▸ **YOUR TASK**
A faithful copy of the listing below is needed, with its pictures left out.

▸ **SUPPLIED MATERIAL**

========================

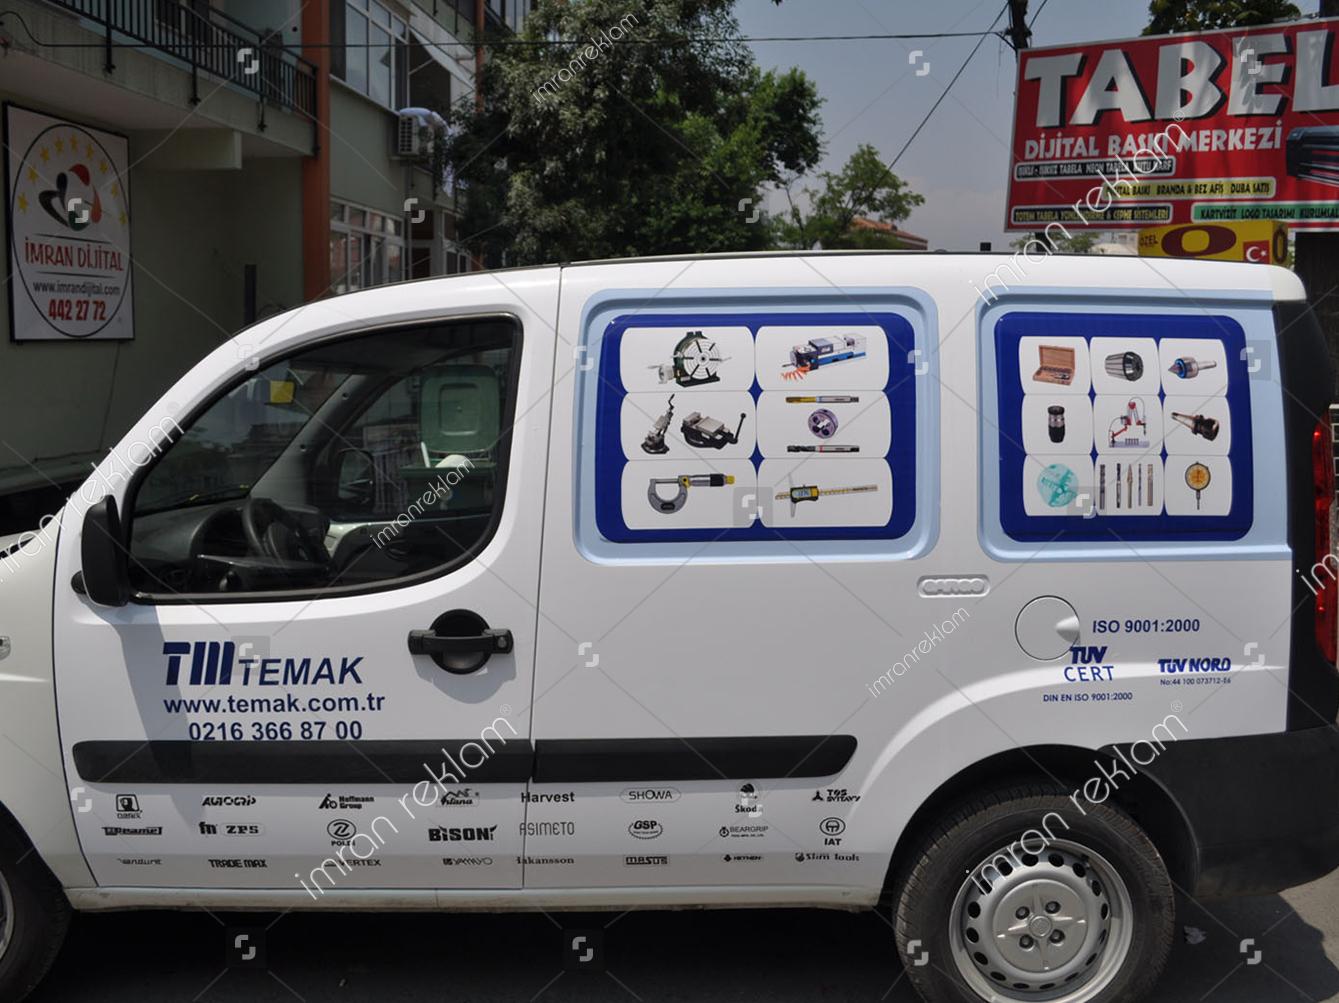 2010-doblo-arac-reklam-giydirme
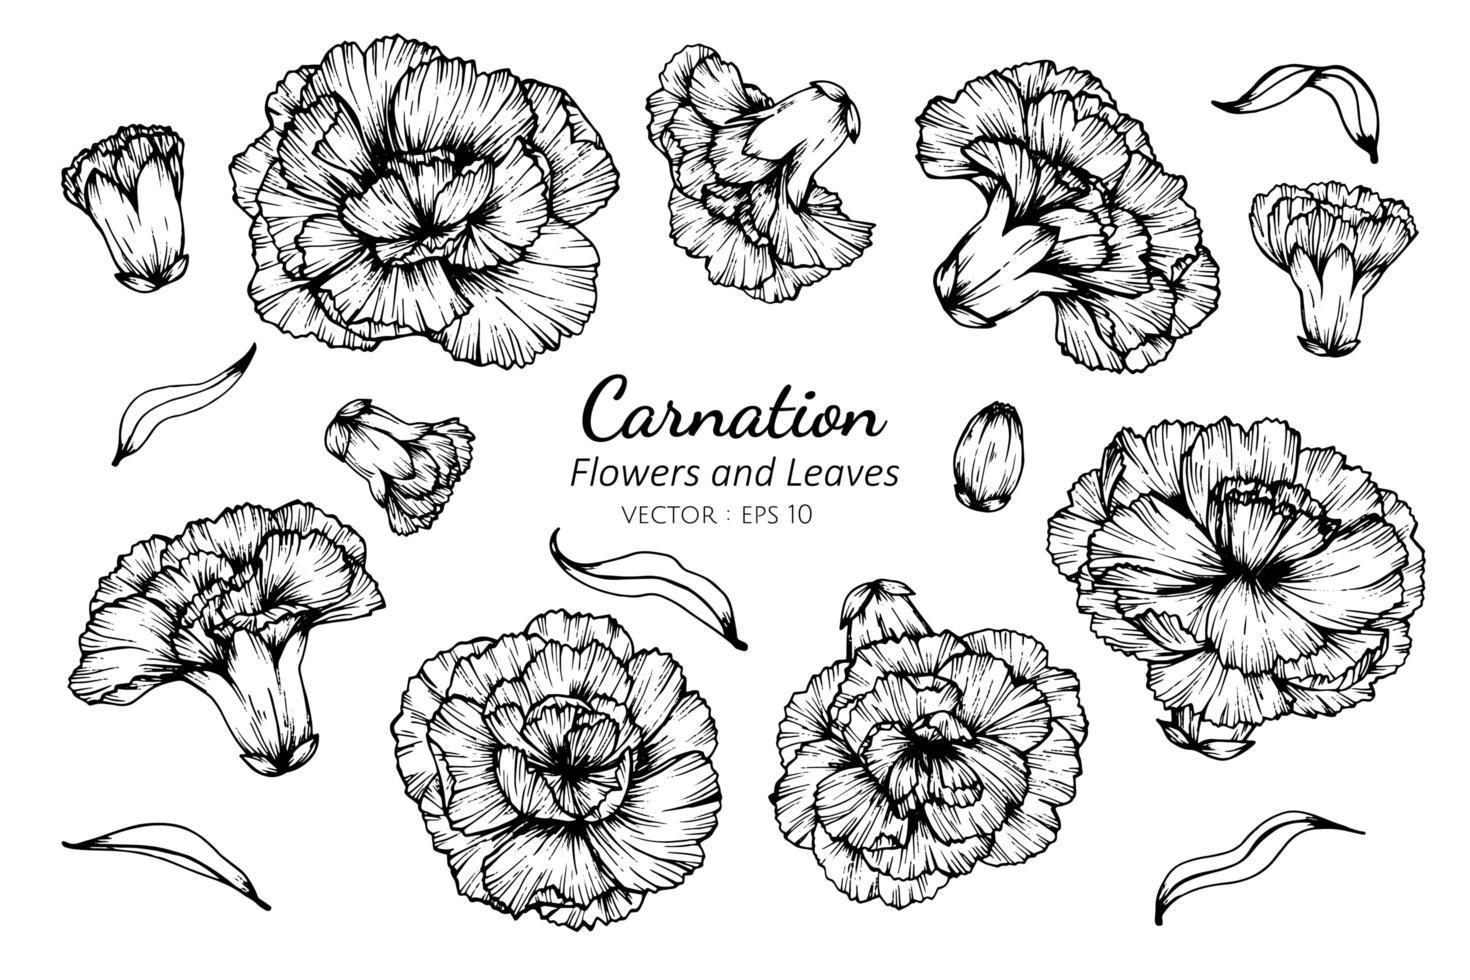 Sammlung von Nelkenblüten und Blättern vektor
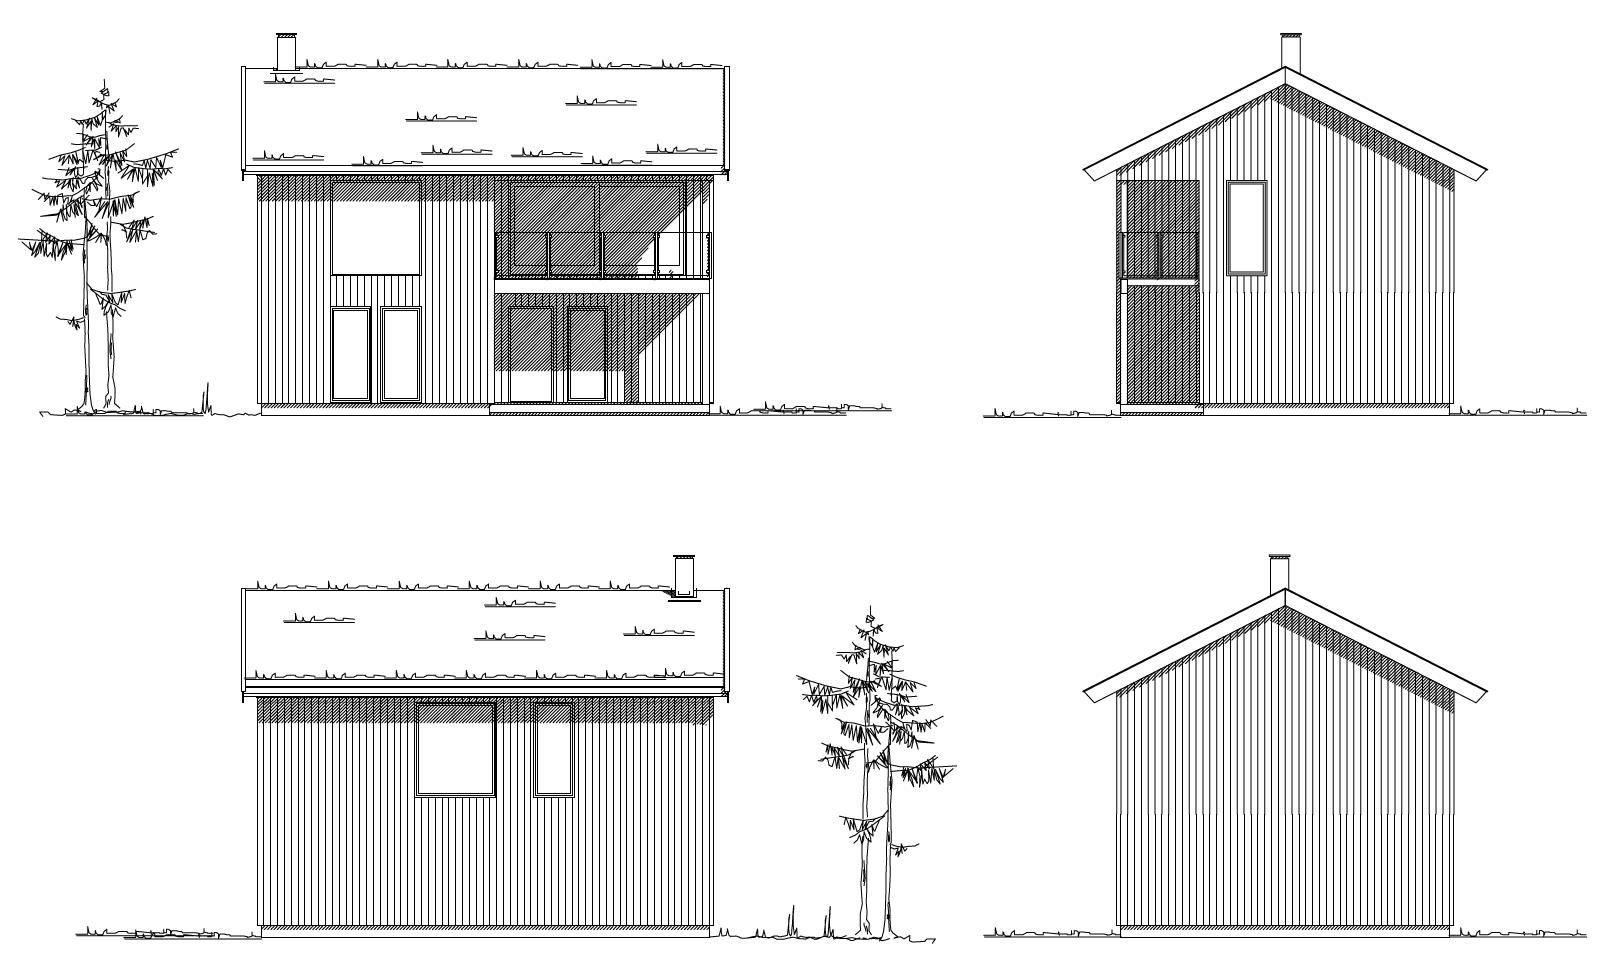 hytte a fasadetegninger

========================

▸ **FINISHED TASK**
 2010-doblo-arac-reklam-giydirme
 Sammlung von Nelkenblüten und Blättern vektor
 hytte a fasadetegninger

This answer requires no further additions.